Jordan Ely is a numbers guy who spends most of his days crunching digits, but even the Ashland School District’s business services director has a hard time attaching hard figures to the question on everybody’s mind these days: What are the chances the park at Briscoe Elementary remains accessible to the general public after the district sells the property?
In other words, what are the chances the property, which hasn’t been used as an elementary school since it was closed in 2004, will remain, in the words of the school board, “in the public trust?”
The good news for the large faction of Ashlanders who want the 3.74-acre lot at 265 N. Main St. to remain public is, Ely likes the odds that that will happen. The bad news is Ely’s best guess comes with one massive caveat.
“I actually am really confident,” Ely said Wednesday, two days after the school board unanimously passed Resolution 2017-18 1B, agreeing to divest the property. “And if I was going to put a percentage on it — I feel like you’re backing me in a corner here — I would say the percentages I’d throw on it are 80 or 90. I think the chances are better that it will happen than it won’t, and that has to do with the really great efforts that a lot of community members have put together to let the elected officials involved in each of these entities know that this is a desire of our community that this be kept in the public trust.
“The reason that I don’t say that we have a 100 percent chance of this working out is because I do think we all need to be sensitive to the fact that the constraints that have put the school district in a position where they needed to make a decision about what to do with Briscoe are the same constraints that the city and the parks department have, which are bloating PERS liabilities and health care costs," he said.
Ely singled out the city of Ashland and the Ashland Parks and Recreation department because those two entities have emerged as the most likely buyers whose participation in a deal would result in the property remaining public.
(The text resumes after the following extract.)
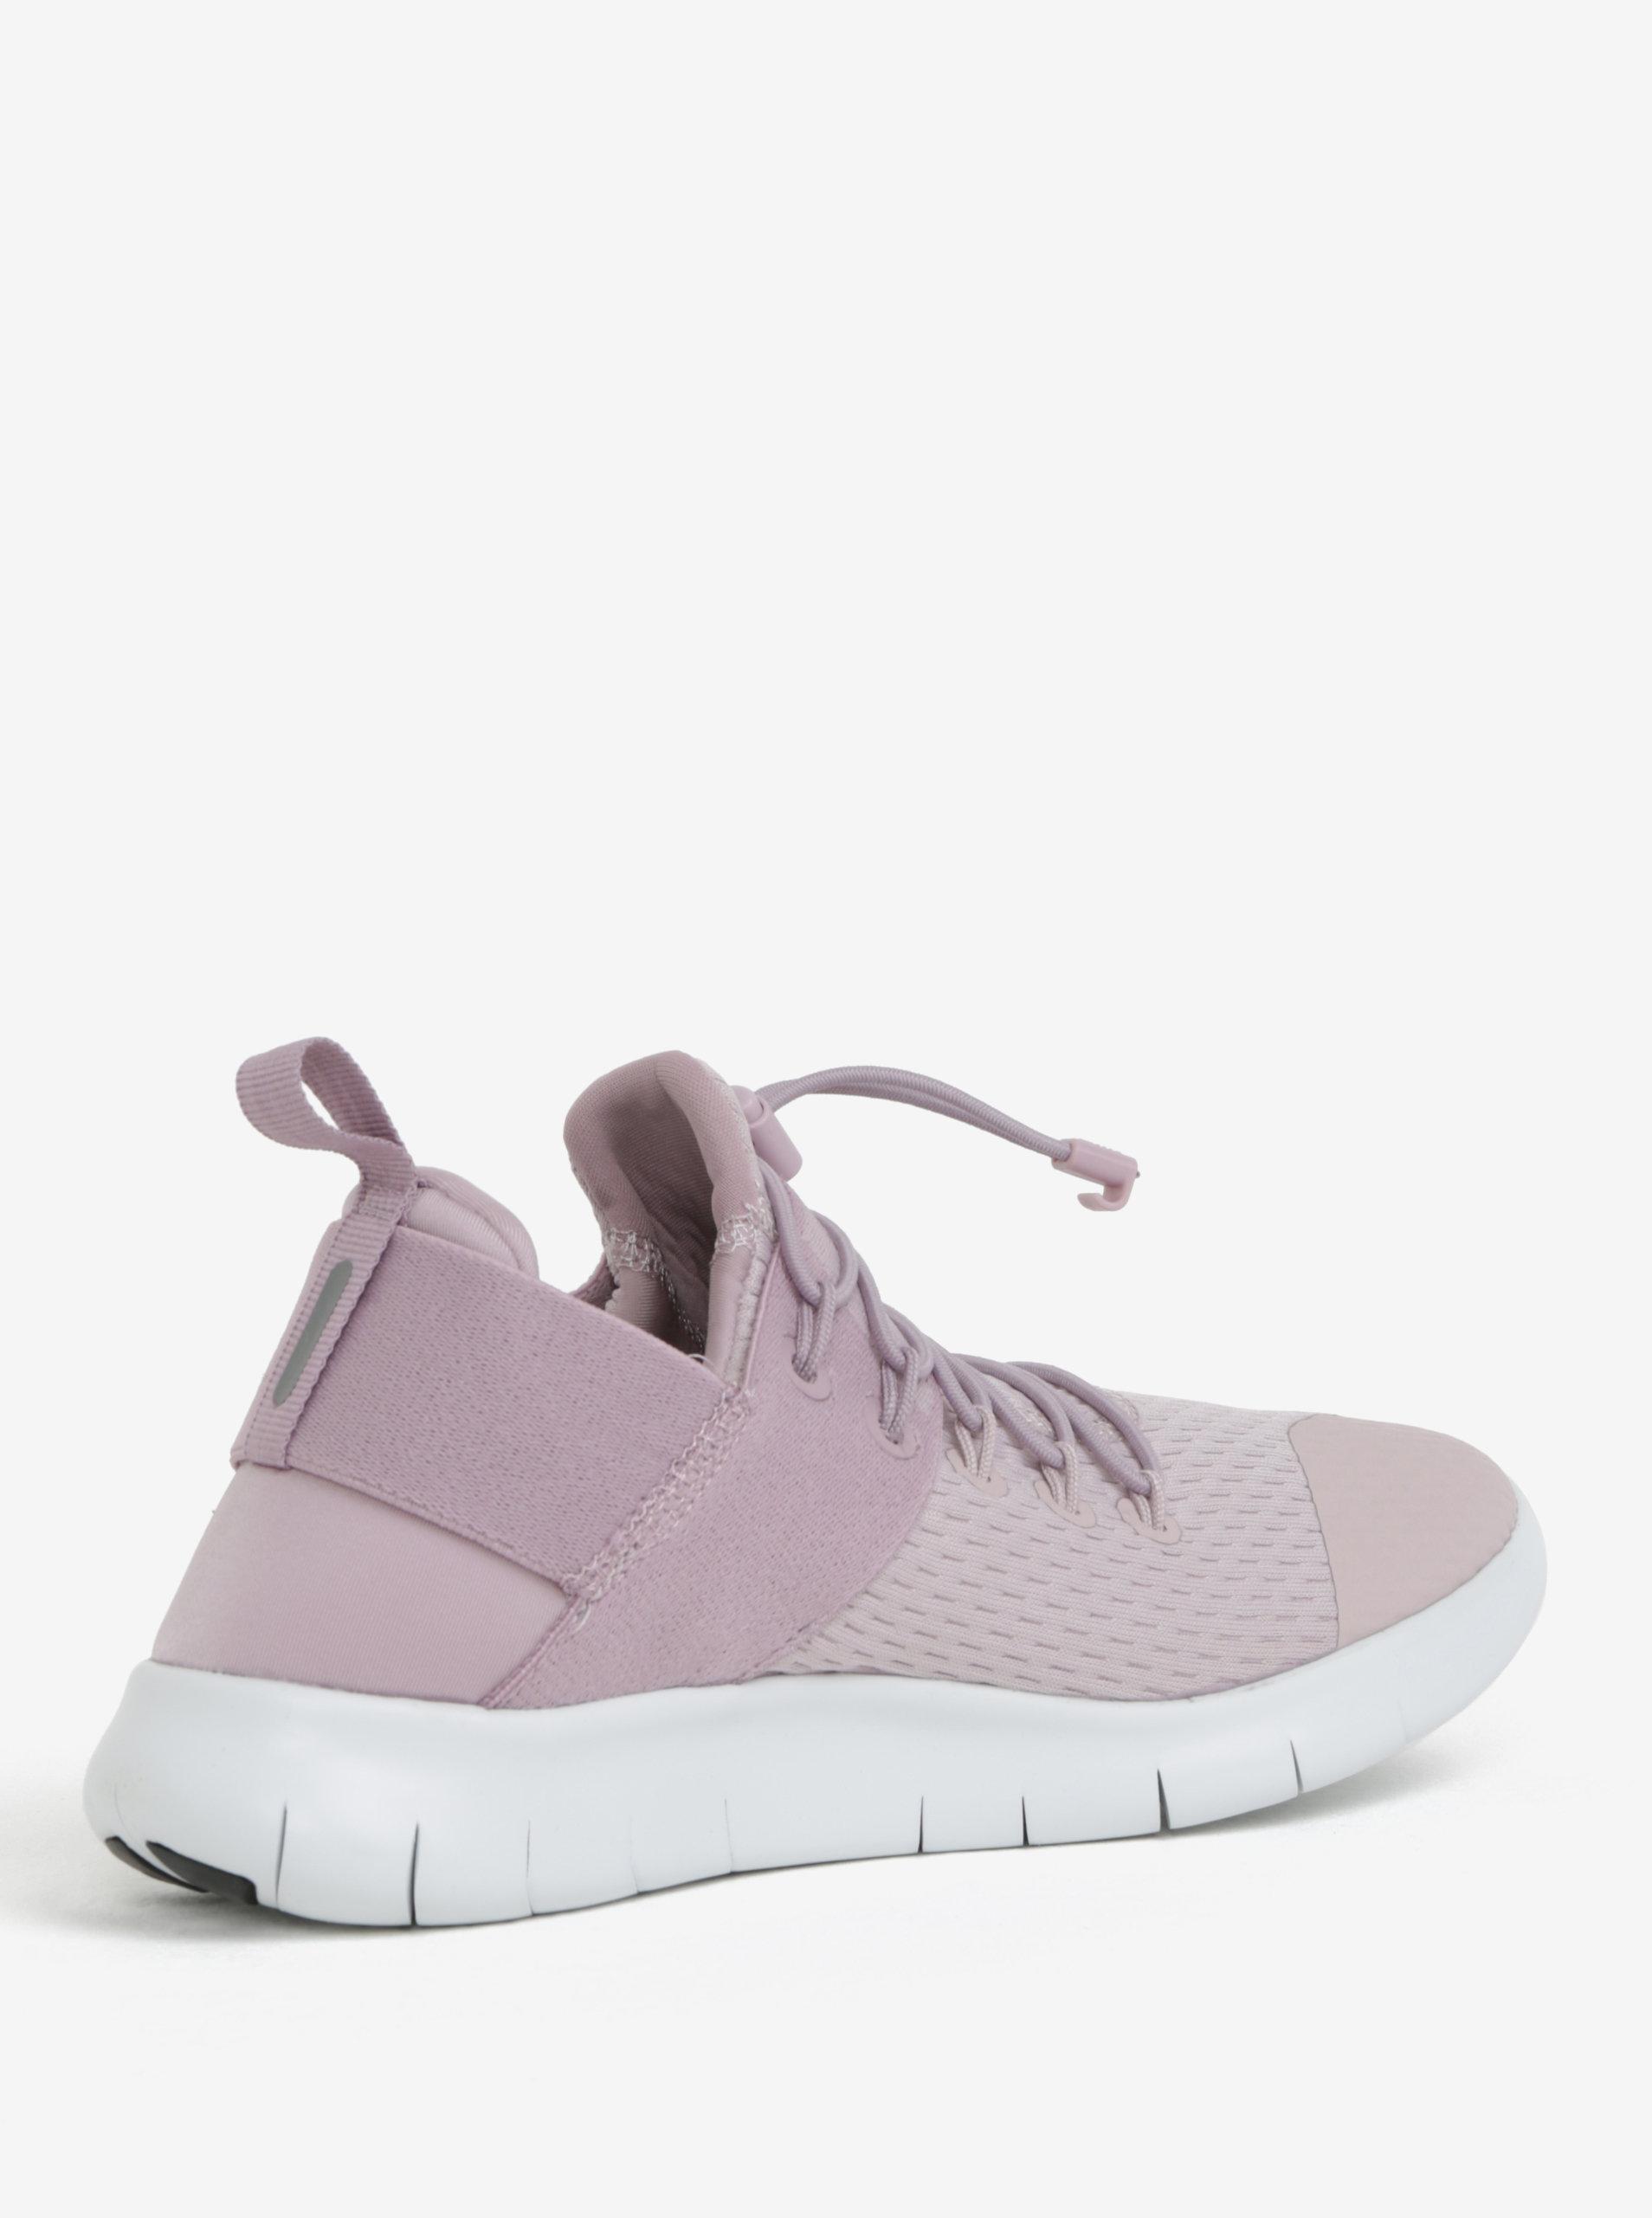 7bfc303744483 Svetlofialové dámske tenisky Nike Free RN Commuter   ZOOT.sk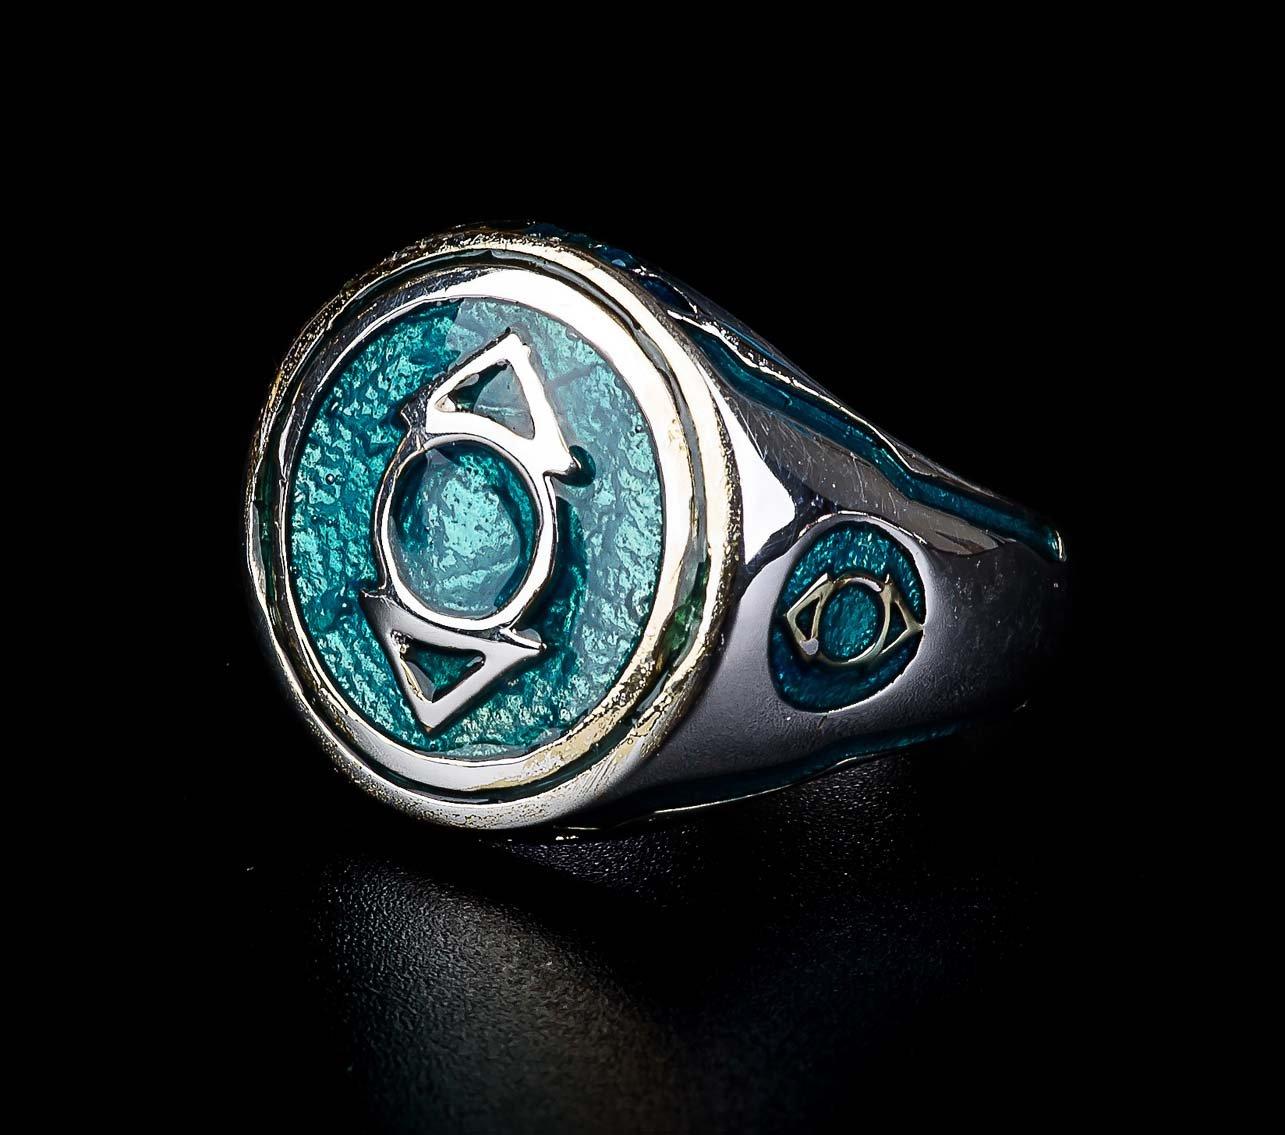 Indigo Tribe Lantern Ring Sinestro Corps Power Ring Purple Enamel 925 Sterling Silver Rings Kolenik Band

How long it will take to unload the property is difficult to predict — Ely and school board member Jim Westrick, both of whom have been authorized to negotiate on behalf of the district, say no hard deadline is in place — but roughly 19 months after a facilities committee reviewed Briscoe, the board got the ball rolling Monday by voting, according to 2017-18 1B, to “accept the recommendation of the Facilities Committee that the District no longer invest resources in Briscoe beyond maintaining the facility as necessary for the needs of the current tenants; two, the District move towards responsibly divesting the property; three, in so doing, the Board will continue to pursue opportunities for the property to remain in the public trust.”
The 5-0 vote came moments after the public comments portion of the board meeting, during which Melissa Mitchell-Hooge of Ashland Save Our Schools & Playgrounds! asked the board to consider adding a fourth point to the resolution. She said she had collected 279 digital signatures in support of the addition and later, in a public Facebook post, expressed her frustration in the result.
“They did not add our suggested edit to the resolution,” Mitchell-Hooge wrote. “They did not acknowledge or discuss the fact that 279 of us had suggested adding a 4th point to the ‘Be It Resolved’ section of the resolution that would have protected the park ... there was no discussion of the merits of the suggestion or otherwise ... it was just completely ignored. I think it's puzzling and a bit concerning. Why couldn't they back up their words with action, exactly?”
In a phone interview Wednesday, Westrick acknowledged the possibility that Briscoe will be sold to a private entity, but he said the board has made it clear from the beginning that it will explore public options first.
“No one can give guarantees, and it would be nice if we could guarantee something,” he said, “but (the resolution) is probably the closest we can come. We’re telling everybody that this is our ideal outcome, and we’re going to pursue these opportunities first.”
The board, Ely and superintendent Kelly Raymond met in executive session Tuesday. The purpose of the meeting, Westrick said, was for the board to provide guidance, particularly to Ely, regarding the parameters of any possible deal.
Ely said numbers weren’t discussed in the two-hour meeting, but priorities were. To that end, he said, the district’s approach to selling the property, which includes a 34,000-square foot building requiring more than $6.5 million in deferred maintenance, will differ from standard real estate transactions in some important ways.
“There’s been kind of murmurs around town from a very small group — at least that’s gotten back to me — that says you should just give it to the city. Well, I’ve spoken with people at the city, I’ve spoken with people at parks; I think we’re all on the same page that that’s not really an appropriate way to go about this. But at the same time, at least from my perspective, we’re not trying to make the city pay max development potential value for it or something like that.
“I do think there’s a middle ground somewhere that makes sense, where we’re honoring the intended use of the tax revenues that were collected to acquire the facility and maintain it for all these years and all that stuff, but also recognize that its future benefit to the community probably isn’t as a school. So I do think that there are some nuances to the situation that we’ll need to keep in mind," Ely said.